80 A.2d 388


No. 4024.Supreme Court of New Hampshire Hillsborough.
Decided May 1, 1951.

In an action to recover a brokerage commission for the rental of defendant’s premises based upon the rental payments received by the defendant from the lessees certain evidence justified the finding implied in the verdict for the plaintiffs that there was no breach of the lease by the lessees and that the defendant lessor was not justified in terminating the lease. Where in such case the verdict was in excess of the amount to which the plaintiffs were entitled under the terms of the agreement the verdict was reduced to conform to the percentage due the plaintiffs of the rental payments for the term of the lease less payments actually made. In determining the amount of commission due the plaintiffs on the rental of real estate the plaintiffs are not entitled to recover upon a more favorable basis than that advanced by their own testimony.
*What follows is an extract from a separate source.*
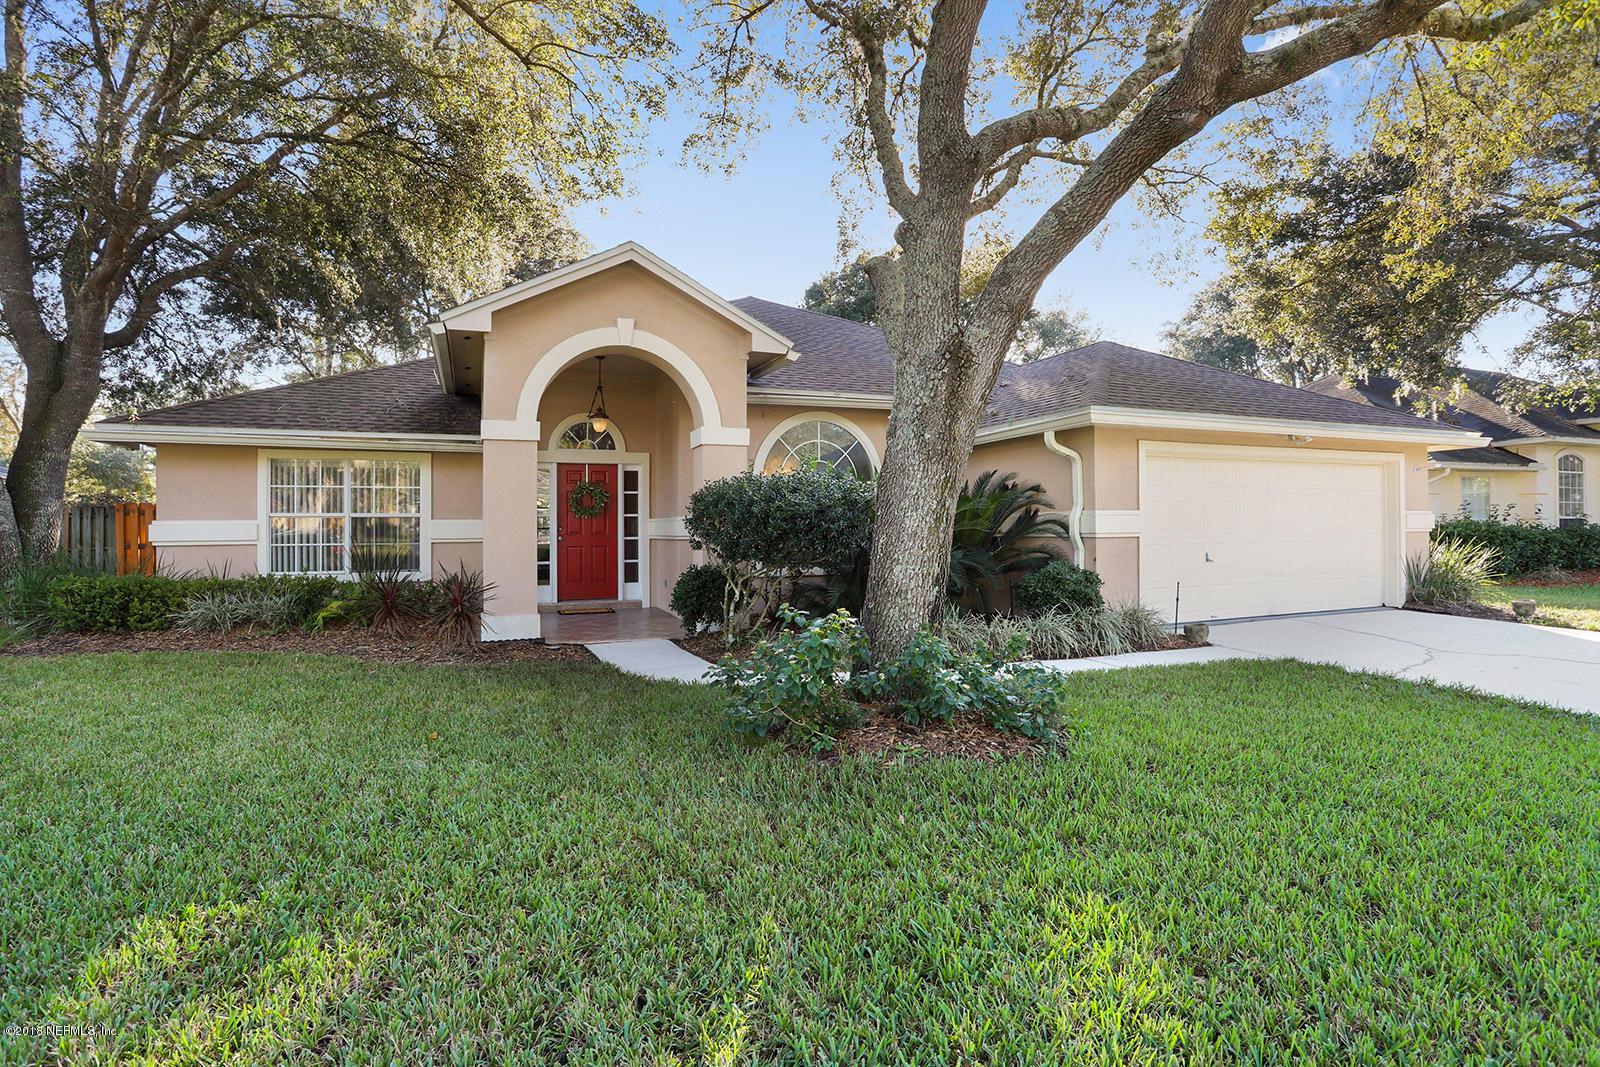 1056 FLORA PARKE, ST JOHNS, FLORIDA 32259, 4 Bedrooms Bedrooms, ,2 BathroomsBathrooms,Residential - single family,For sale,FLORA PARKE,968925

ASSUMPSIT, to recover a commission for services as real estate brokers in negotiating a lease of a building in Nashua constructed by the defendant for use as a bowling alley. The lease in favor of the lessees Hotze and Ray was executed under date of January 15, 1943, for a term of ten years with an option of renewal for a further term of five years. The monthly rental was stipulated to be $230. By agreement in writing dated January 31, 1942, the defendant undertook to pay to the plaintiffs as a commission, “five percent (5%) of any and all monies received as rental for the first ten (10) year tenancy . . . promptly after receipt by the owner.” The tenants entered under the lease and paid certain rents to the defendant, until the fall of 1947.

At some time in September, 1947, the premises were leased by the defendant to a new tenant Rubenstien, and no commissions have since been paid to the plaintiffs.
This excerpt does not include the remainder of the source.